This is a guest post by Michelle Belto; the first in a seven week series. Each week one of the seven EncaustiCamp instructors will share their story, process and progress in our collaborative exhibit for EncaustiCamp 2015.
Michelle does a fantastic job of helping to introduce the overarching goal in this collaborative exhibit process~
Working as I do is very much like walking in the dark. I don’t see a clear path before me, so I find myself looking backward as I walk, checking with what it is I already know about this series:
- IKNOW that I will be working on handmade canvases and that most of them will have windows
- I KNOWthat I want to explore the contrast of waxed paper and un-waxed paper.
- I KNOWthat all of these canvases are to be vertical with a specific color theme (restrictions from the project).
There are also some things that I think (and hope!) will be part of this series:
- I THINKI will be manipulating paper in a sculptural way.
- I THINKI will think outside the box with these windows.
- I HOPE I find my way into cohesive meaning with this series.
This is the point in my process where I don my cloak and dagger in search of something to steal!
Connections 2, Wei Lin Yang Roots Expo Ersi Marina
In my Pinterest boards I came across two art works that somehow feel right for this first panel. I print them off and set out to the studio. I’ve decided that for this piece, I will cover the panel with layers of wax and oil and contrast the panel with some type of paper addition. Both of my Pinterest steals will allow me to work in that way.
Since this panel will need to match the Alizarin Orange color I had chosen last summer, I begin the work in cool colors. I often use graphite to draw or write on the white paper and spritz water color or diluted inks before I apply wax.
This is an image of the work early in the process. I continue with marks in the wax, layers of oil, images with stencils and oil pastels until I build up a lovely surface.
This close up of the nearly finished canvas has ten or twelve layers of wax. I like that I can see, to varying degrees, the history of where I have been.
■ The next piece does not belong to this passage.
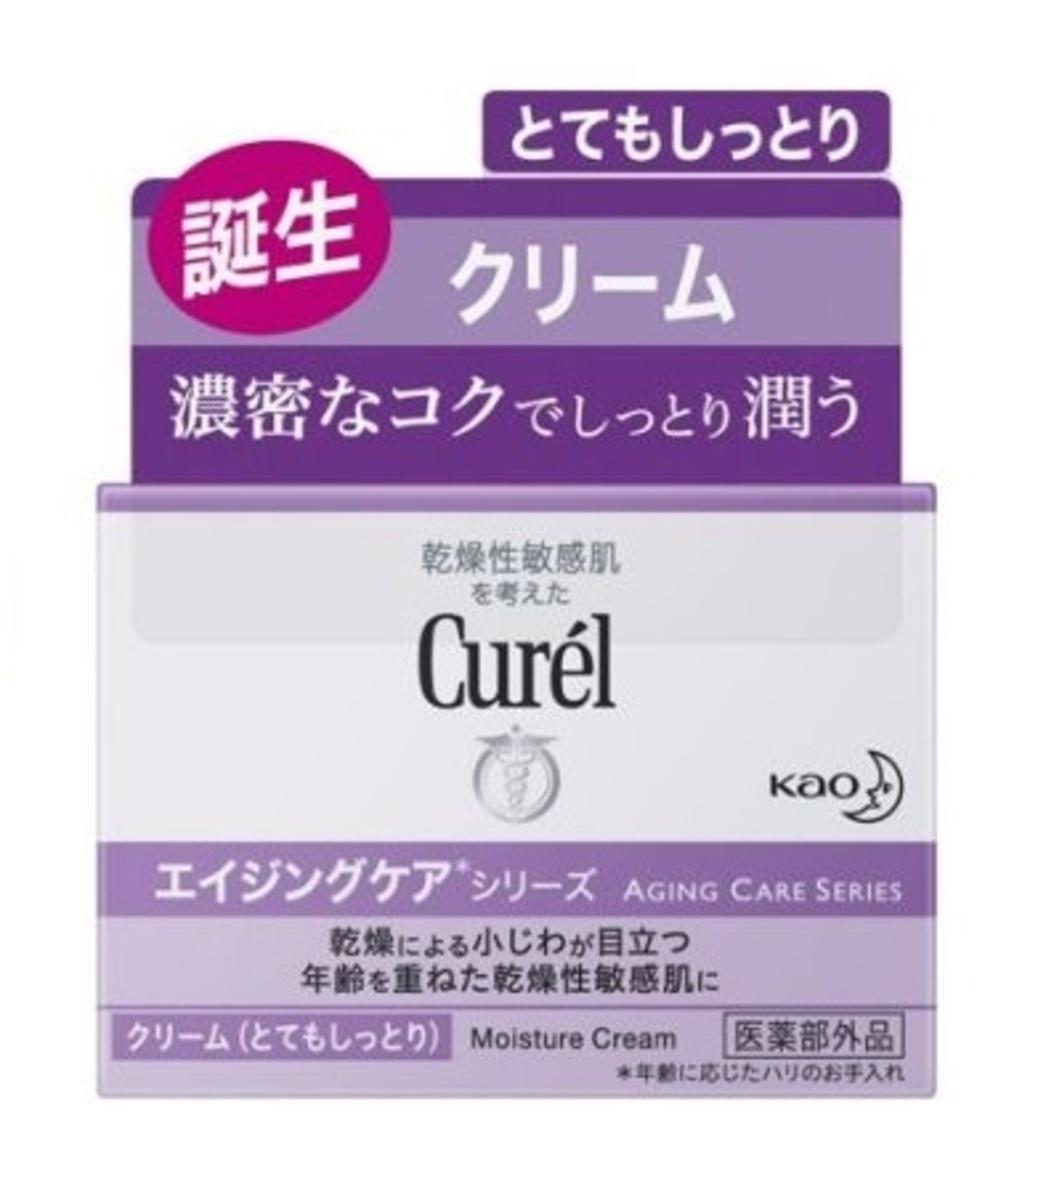 Curél Aging Care Moisture Face Cream 40g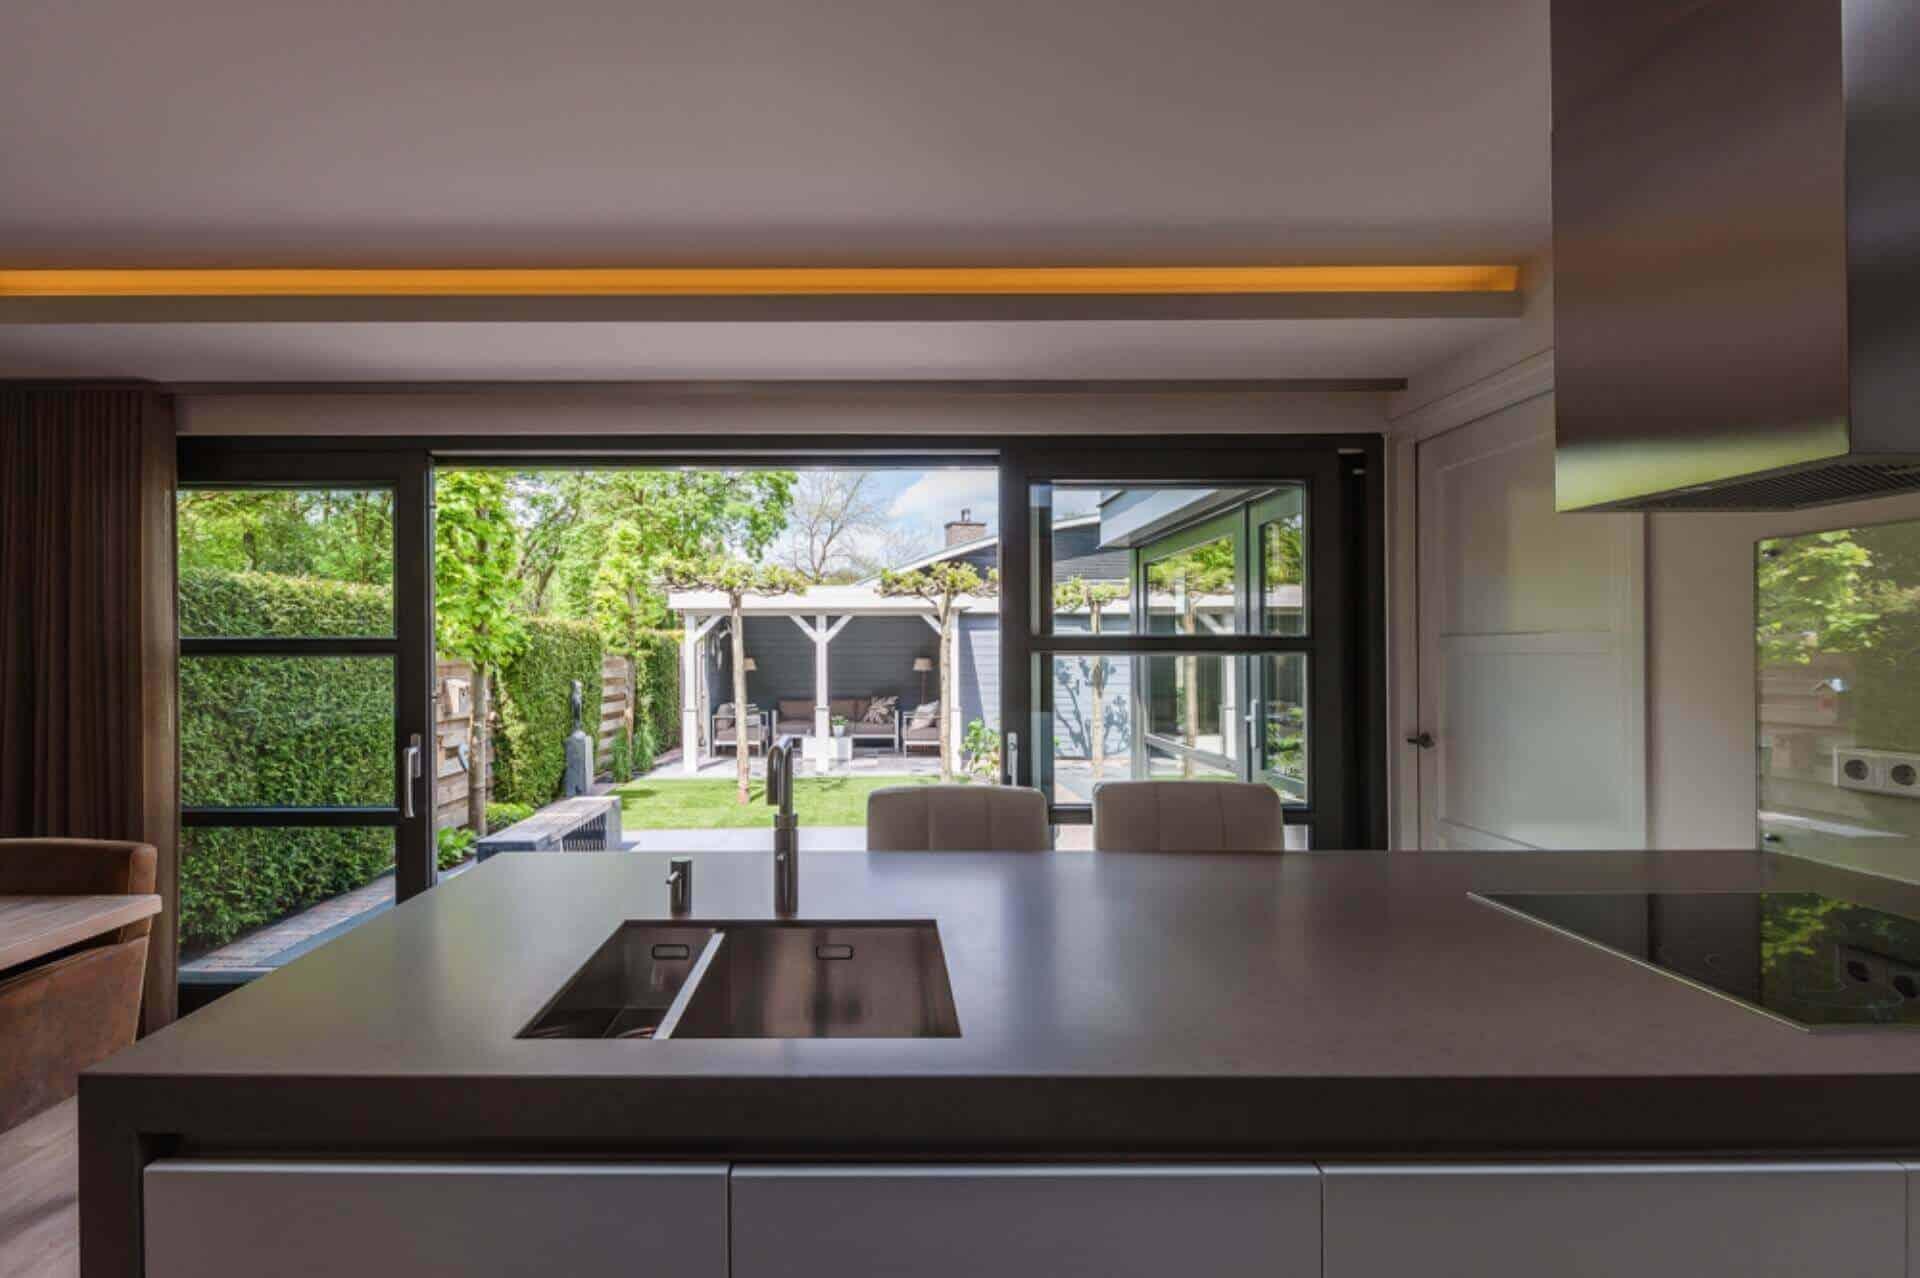 interieurarchitect Stan van den Wildenberg ontwerpt keuken met indirecte verlichting

In a break from the encaustic process, I do some research on the artists who created the art that I have pinned on my image board in the studio. Sometimes, the research will provide clues to my next step. It surprised me that both of these artists were international and both of these images come from a body of work on “books.” Wei Lin Yang is an award winning artist and educator from Taiwan. I discovered that the material she used in the image, titled, Connection 2, is actually fabric and that her lovely marks are created through intricate embroidery. The second image is from Ersi Marina, an artist from Spain. Her work is lovely in its simplicity. She often using fiber arts processes with paper. Neither artist has a website, so I am not certain which images on their sites like Flicker and Pinterest are actually their work…another good reason to have a personal web site, blog or a page on a group site, like IEA, for your work.
I felt drawn to Wei Lin Yang’s work and asked myself, “What is the draw?” I liked the idea of wire and a long vertical hanging piece, so those elements became my jumping off point for my own work. I isolated a center strip, added my own calligraphic marks, wax and stitching.
Close up of the paper work and the paint chip which will define the color of the finished work.
At this point, I put away my inspiration images and become immersed in seeing where the art making process takes me. I’m including images of the finished first work in this series, but the title and even the direction of the series is not yet clear.